As Shane Patrick Lysaght MacGowan famously wrote of Jimmy’s harmonica, it “soothed the souls of psychos and the men who had the horn”, and this programme of piano music has the same effect. It’s calming.
A man with an appellation to rival Mr MacGowan, Dante Michelangeli Benvenuto Ferruccio Busoni was born at Empoli near Florence on 1st April 1866. He was clearly a genius; he made his concert debut in 1874 at the age of eight.
He was possibly a little difficult, too; the child of two professional musicians, he described his dad’s pianoforte playing as “erratic in rhythm”, but that he made up for these shortcomings with an “indescribable combination of energy, severity and pedantry.”

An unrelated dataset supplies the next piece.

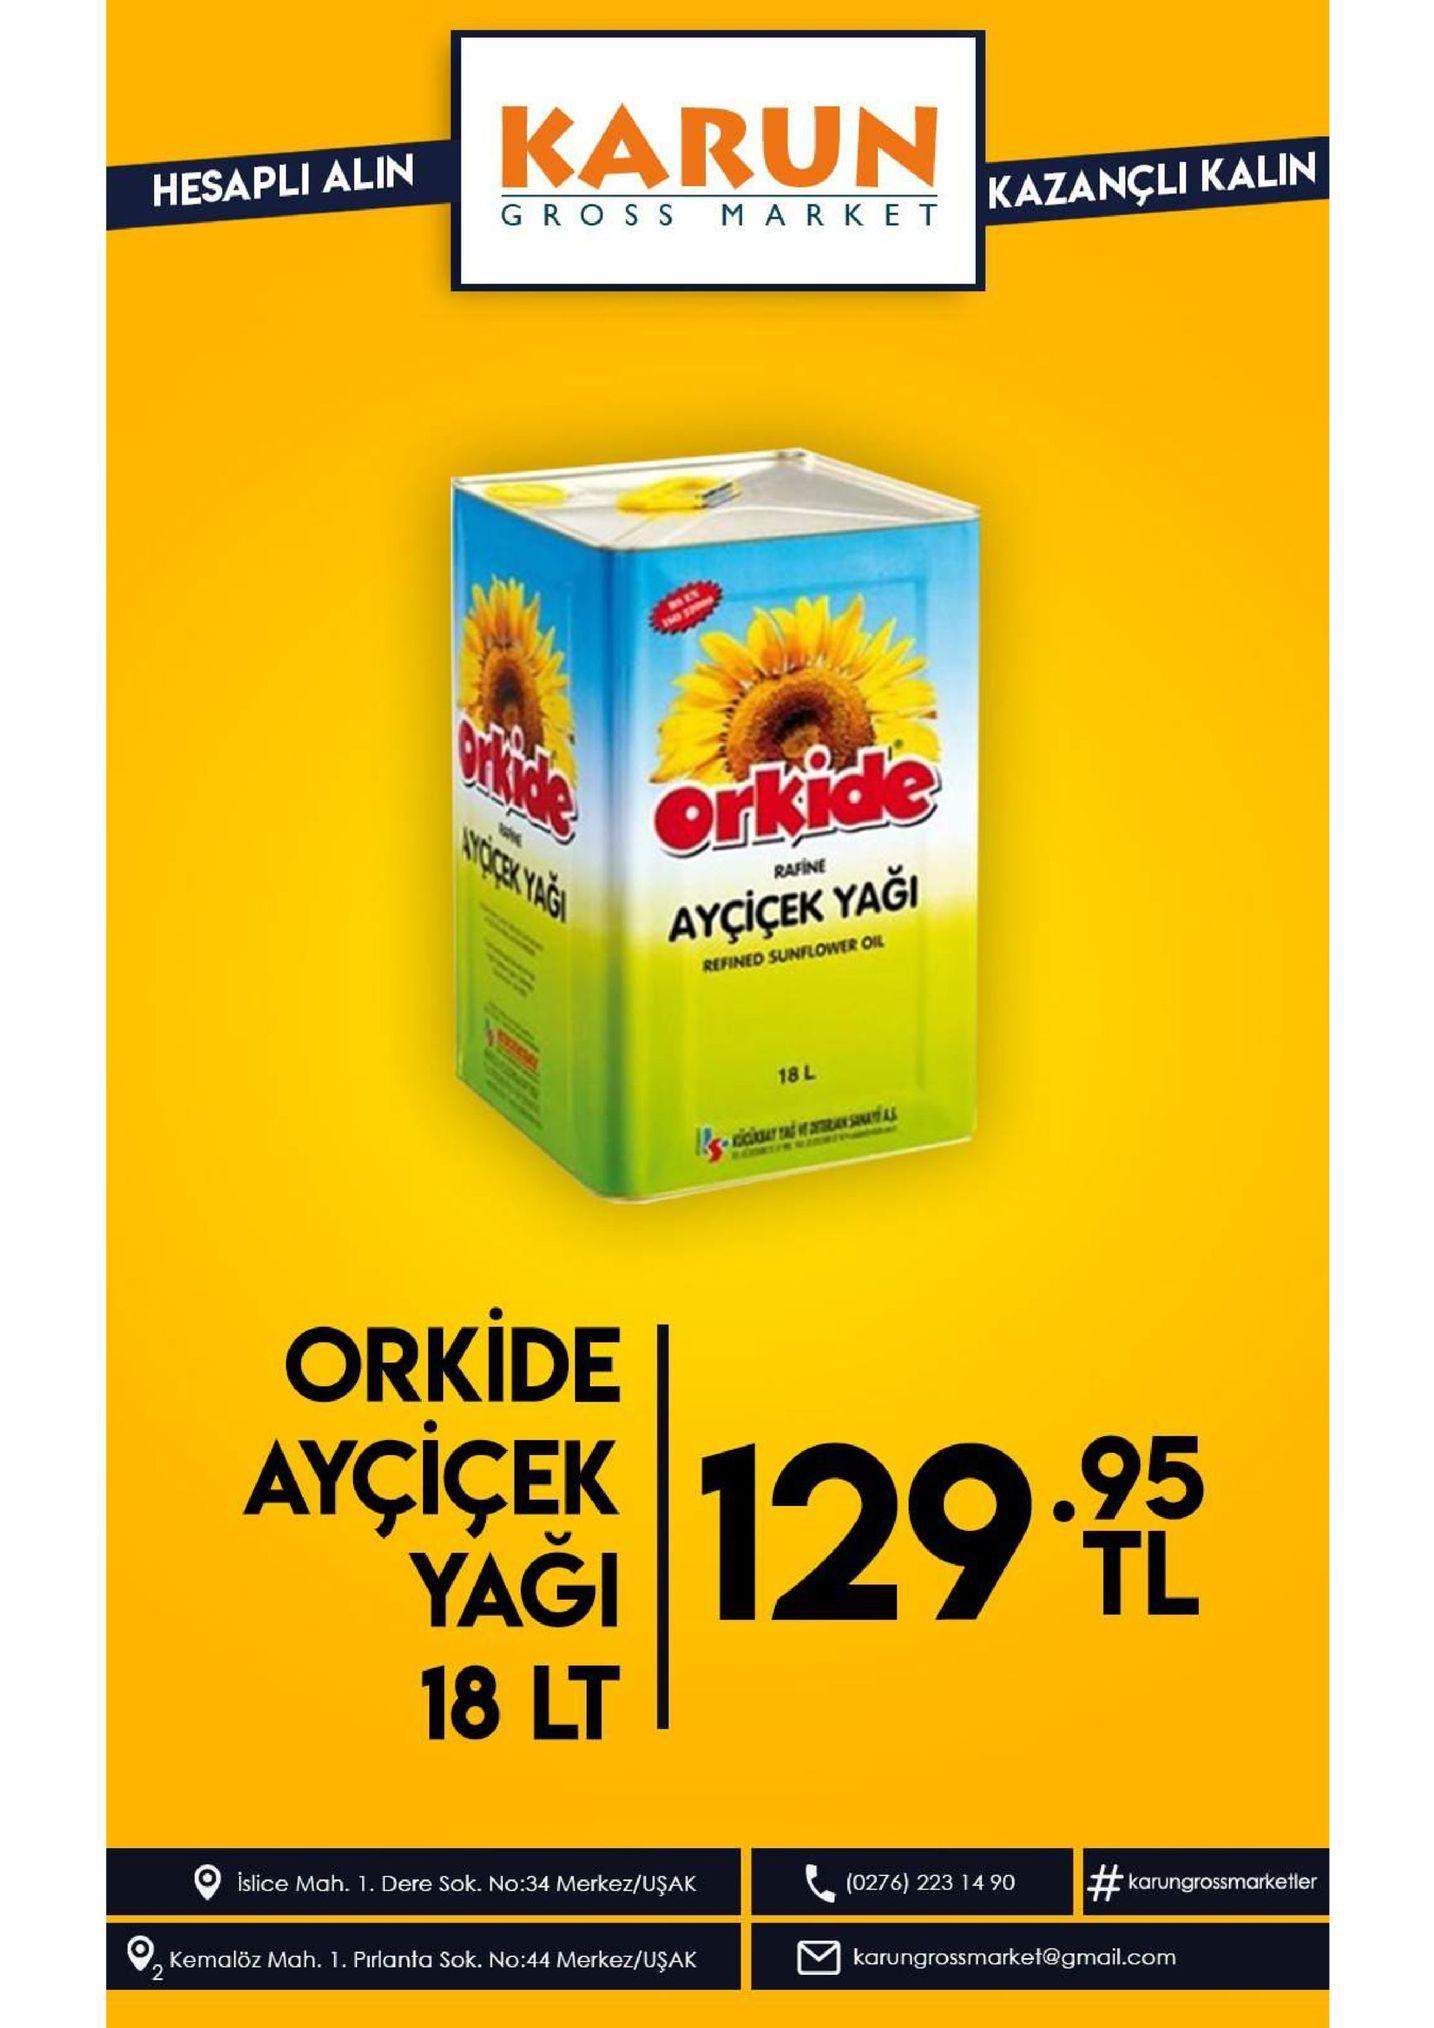 karun hesapli alin kazancli kalin gros s mark e t orkide arciax yagh rafine ayçiçek yaği refined sunflower oil 18 l orkide aycicek 129 l .95 yaği 18 lt islice mah. 1 dere sok. no:34 merkez/uşak #v (0276) 223 14 90 karungrossmarketler kemalöz mah. 1. pirlanta sok. no:44 merkez/uşak karungrossmarket@gmail.com 2
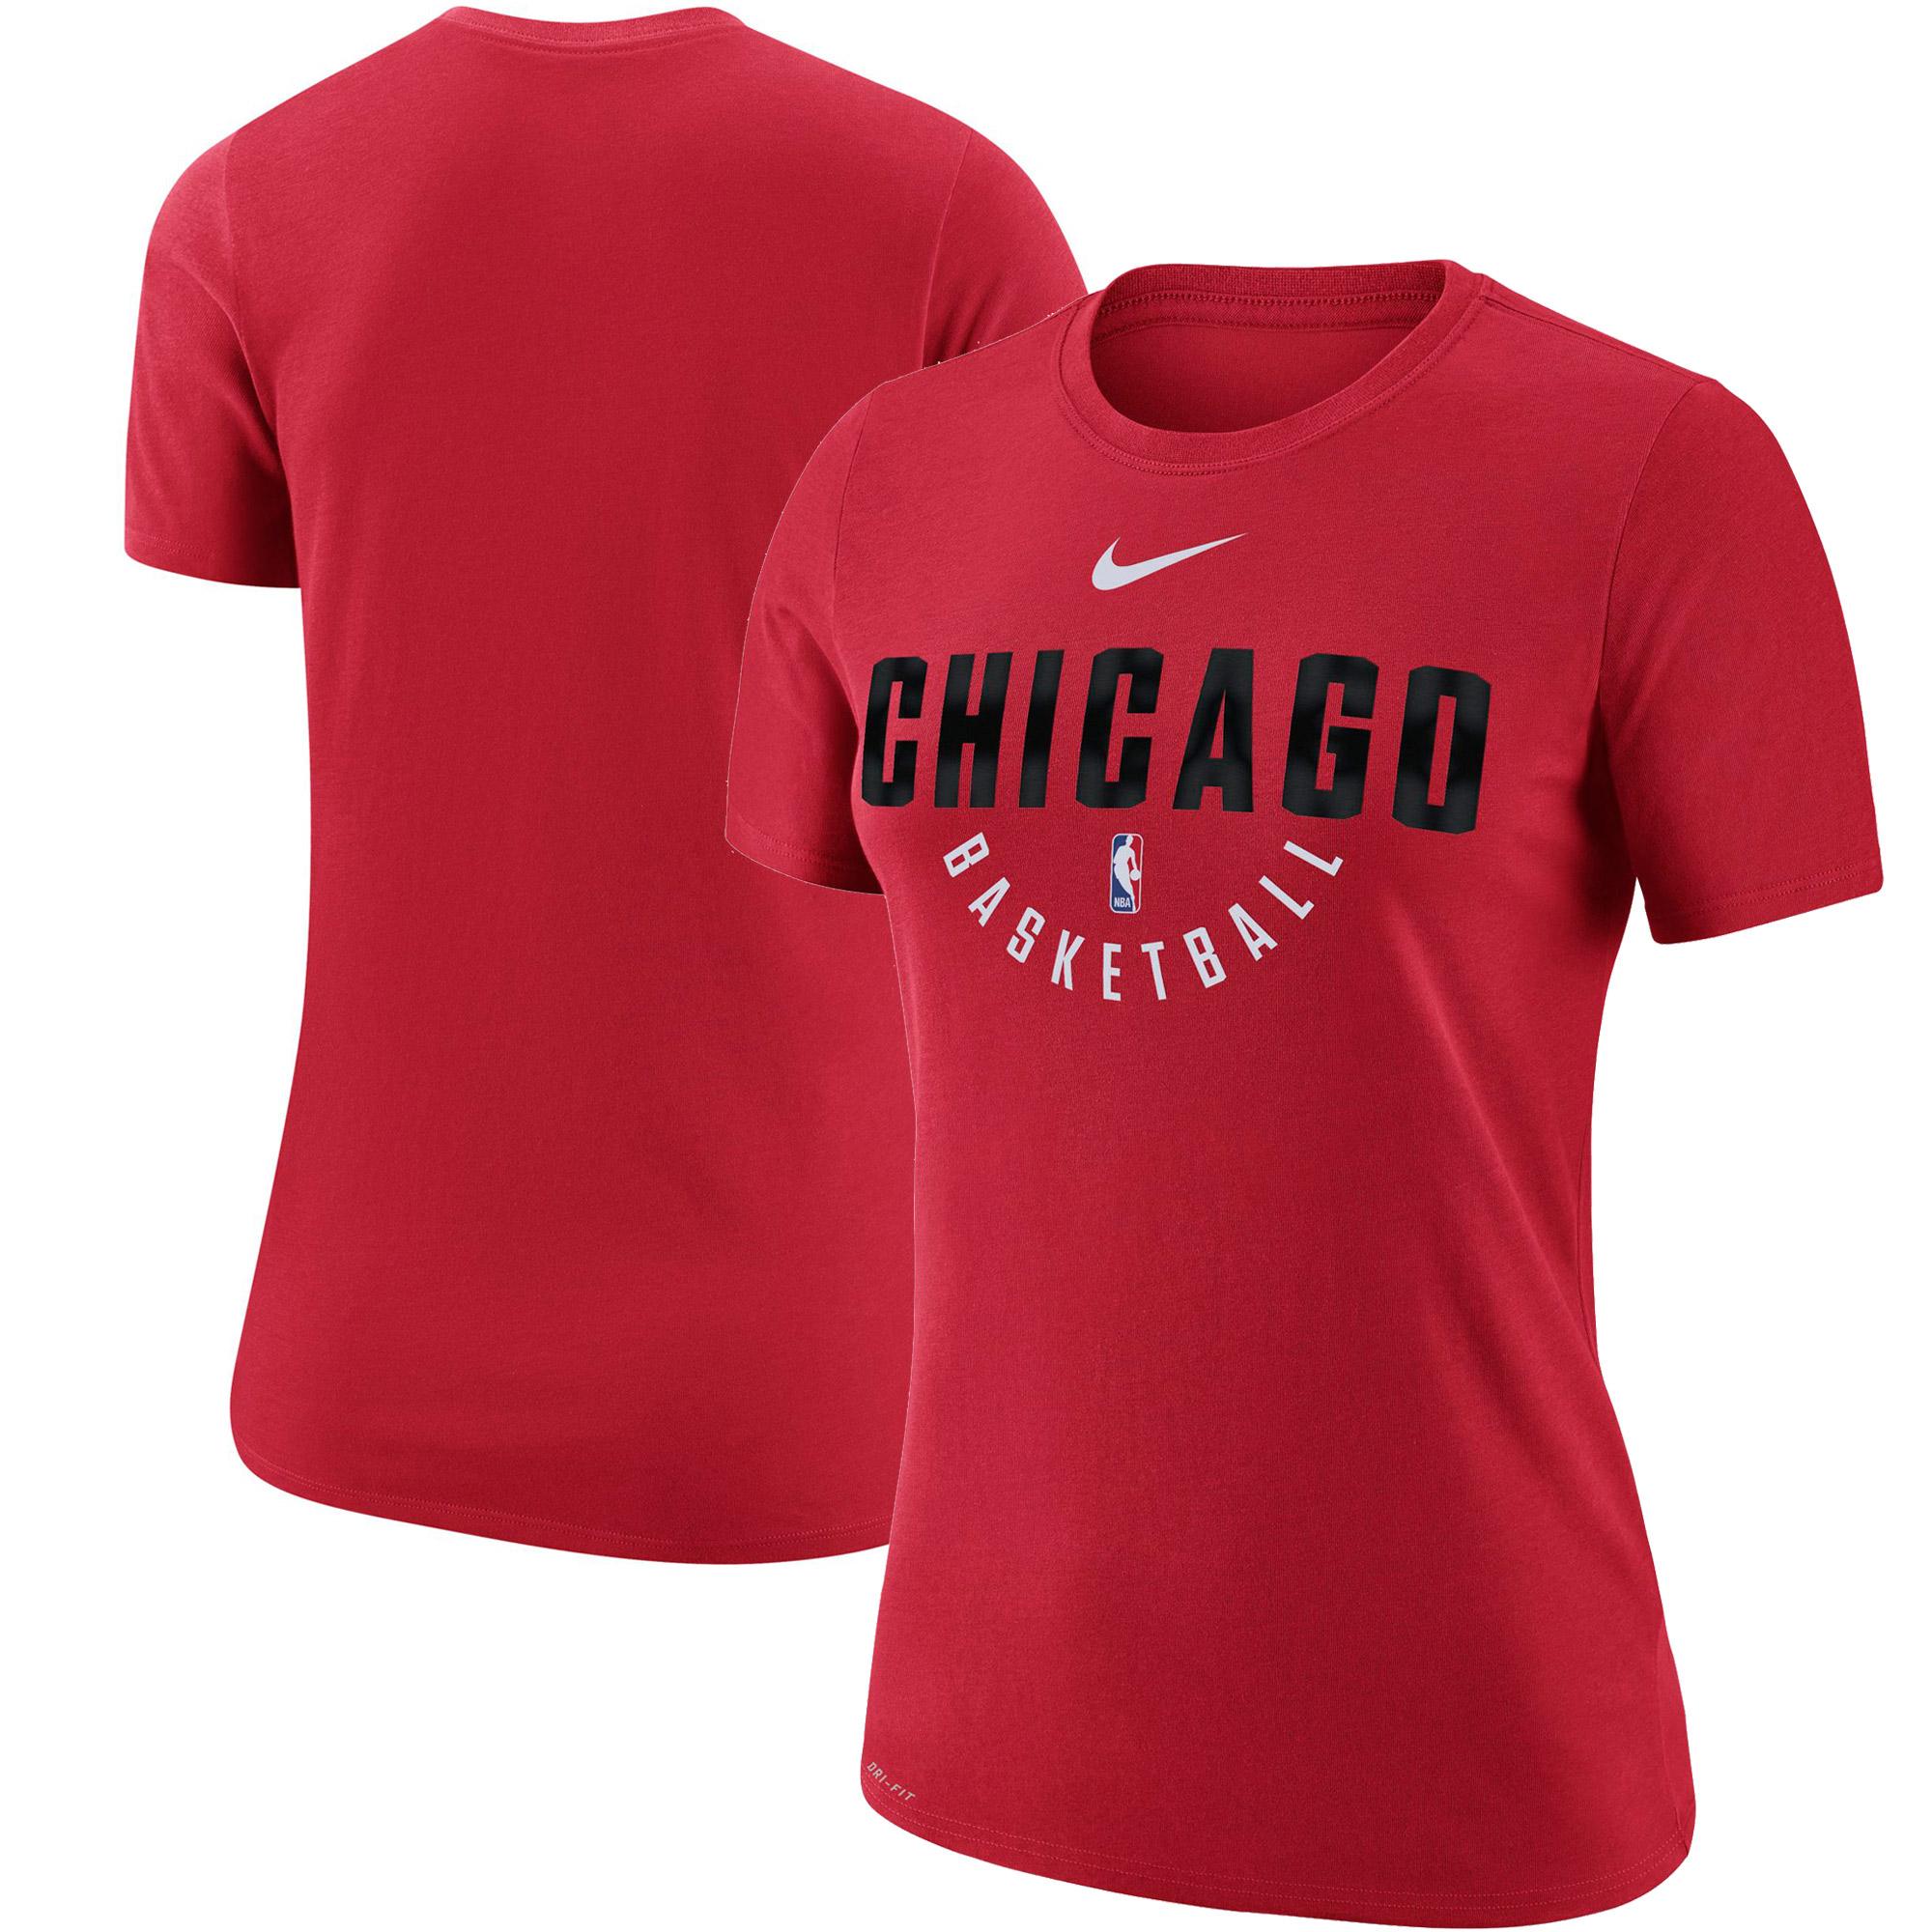 Chicago Bulls Nike Women's Practice Performance T-Shirt - Red

Busoni was so good he did not have to be a pedant. Musicologist Donald Tovey said Busoni was “an absolute purist in not confining himself strictly to Mozart’s written text”, that is, Mozart himself could have taken similar liberties. When you’re being compared to Mozart, you’re pretty good.
The pieces on here are transcriptions of works by JS Bach, Brahms, Cramer, Liszt and Mozart. The sleeve notes say the essence of Busoni’s music lies in its “synthesis of Italian and German ancestry: emotion and intellect, the imaginative and the rigorous” and that’s about it really; the music touches the emotion and is calming, while Wolf Harden, who apparently champions the composer, makes light of what sounds very technical playing.
A nice collection that should appeal to all lovers of the piano, especially you psychos and men with the horn.